Blood Echo

Page 13

Someday this kind of technology will be implanted in anyone who can afford it, alerting them to see a doctor the minute they show even the slightest sign of heart attack, stroke, or generalized pathology.

For now, no one can afford it. Except Cole, which is why he injected it into Charley a few months before. So far, the data compiled has proved one remarkable fact again and again—Charlotte’s body remains unchanged even after multiple exposures to Zypraxon.

“She’s breathing deeply,” the med tech says.

“Yeah, I figured.”

“No, I mean she’s making an effort to. It’s not her usual pattern. It’s almost . . . meditative.”

“She’s meditating. In a car. With a serial killer.”

“So she can stay focused maybe?” The female tech speaks more confidently now that Ed’s out of the room.

Charley’s trying not to trigger, Cole realizes, and a chill goes through him.

She’s alone in a car with a psychopath, and she’s got something in her veins that allows her to tear through five boa constrictors at once with her bare hands, but she’s making sure not to use it until the time is right. The last time Charlotte did something like this, she got so caught up in her strategy for hooking a killer she forgot the most important thing she needed to do—be afraid. Frederick Pemberton had knocked her unconscious before he could scare Zypraxon into working its magic. Now, Charlotte’s trying to re-create her old mistake for a very simple reason: she doesn’t want to burn up her three hours of Zypraxon time before she gets to Davies’s kill site.

For maybe the hundredth time in the past few months, Cole thinks, You really are something, Burning Girl. Even though he’d never use that dreaded nickname to her face.

The microphone they implanted in Richard Davies’s steering column is giving pretty decent audio. But he asks them to check it anyway. The connection’s good.

Davies and Charley aren’t saying anything.

Good, Cole thinks. Breathe, Charley. Just breathe.

Davies turns the truck into an alleyway.

The truck slows to a stop, but the engine’s still running.

On the TruGlass feed, Cole watches the truck’s headlights wink out.

“How’s this?” he hears Davies ask.

Davies appears on the monitor. A dark shadow, one side of his angular face fringed by a distant streetlight.

“Yeah,” he hears her say.

Davies makes a subtle jerk of the head.

A nod, really.

A gesture.

Directed at his crotch.

The TruGlass feed jerks slightly, then it begins to slide down Davies’s shadowy torso.

It’s so quiet inside the control center suddenly, Cole’s sure he can hear the earth settling outside the room’s subterranean walls. The female tech lowers her gaze from the displays overhead to the monitor in front of her—just stats and metrics for all the surveillance devices involved in tonight’s op. She’s looking away without looking away.

Cole wishes he could do the same.

He wanted to talk about this part with Charlotte. Come up with some sort of game plan. But Charlotte refused. We need an abduction, she’d said. I’ll do whatever gets us there.

9

Shayla Brown’s mother used to collect Beanie Babies.
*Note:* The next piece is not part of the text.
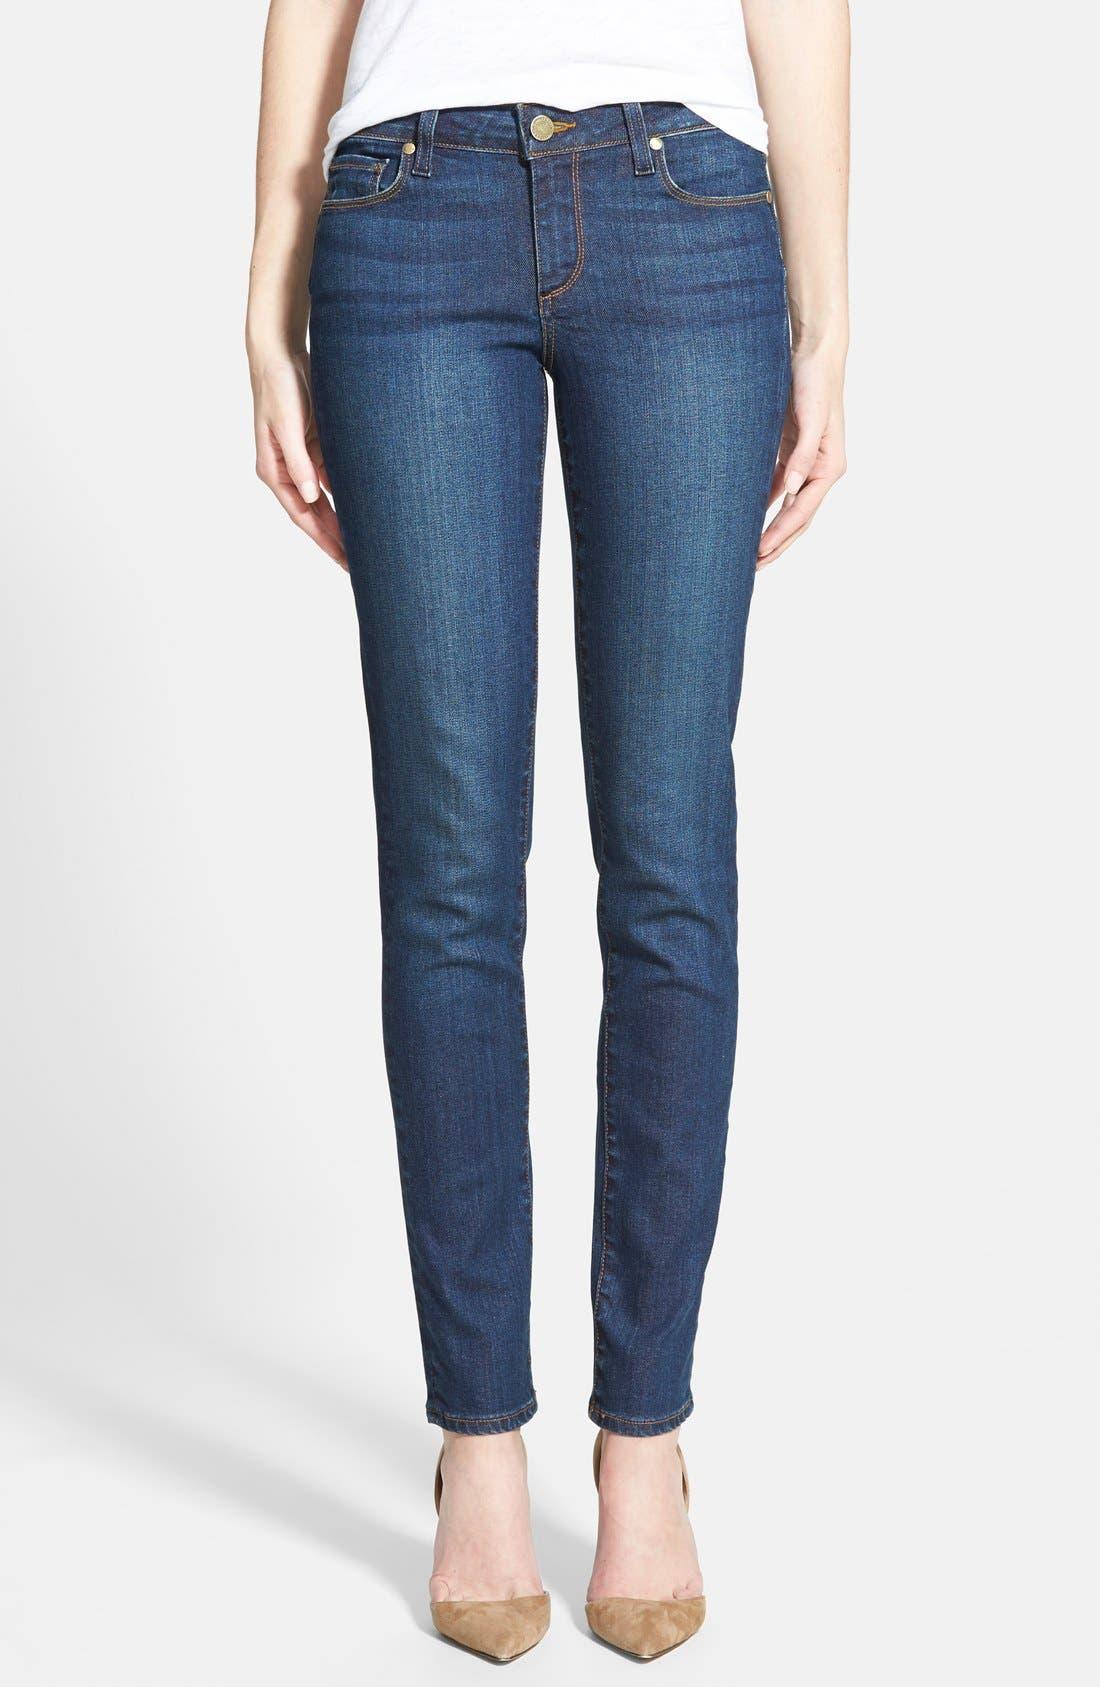 Alternate Image 1 Selected - Paige Denim 'Skyline' Skinny Jeans (Mischa Blue)

She died when Shayla was seven, Charlotte remembers, leaving Shayla only some credit card debt and her collection of big-eyed stuffed animals. Right after the newly minted orphan moved in with her aunt Margot, her only living relative, Margot installed some shelves right next to Shayla’s new bed so the girl’s tiny inheritance could watch over her while she slept.

On the one-year anniversary of her last phone call from Shayla, Margot posted a picture of the stuffed animals on her Facebook page alongside a school photo of her niece taken when the girl was fifteen, a year before she shot heroin for the first time and became hopelessly lost to everyone who loved her.

Charlotte runs these details about Davies’s first alleged victim through her brain again and again as she undoes the top buttons of his plaid shirt with her teeth. She’s not just trying to delay the inevitable; she wants to frustrate him so he accelerates the proceedings.

Maybe he makes his girls blow him, but she doubts it. A killer as methodical as he is, she can’t see him wasting a bunch of time in this dark alley. And she can’t see him getting off on something as simple as a blow job.

He grips the back of her head and pushes her gently toward his crotch. But he hasn’t unzipped his jeans. That’s her job, apparently.

She breathes deeply.

There’s no tingle in her skin.

No tremor deep within her.

No bone music—the sure and unmistakable sign that the Zypraxon in her system’s been triggered.

She unbuttons his jeans.

Janelle Cropper was a C student. But she’d memorized the name of every type of bird that passed through her uncle’s neighborhood. She’d bird-watch from the front window of his house outside Portland for hours on end while her mother turned tricks. Until she became old enough to fight off her uncle when he’d come to her bedroom drunk. Around then, her uncle made it clear she couldn’t live there anymore. That was the last time any of Janelle’s friends ever saw her. When they were interviewed by the local paper for a piece after her disappearance, they all agreed they hoped she was watching birds, this time in peace. But to the reporter writing the piece, Janelle was just another local girl lost to drug addiction, not the victim of a serial killer.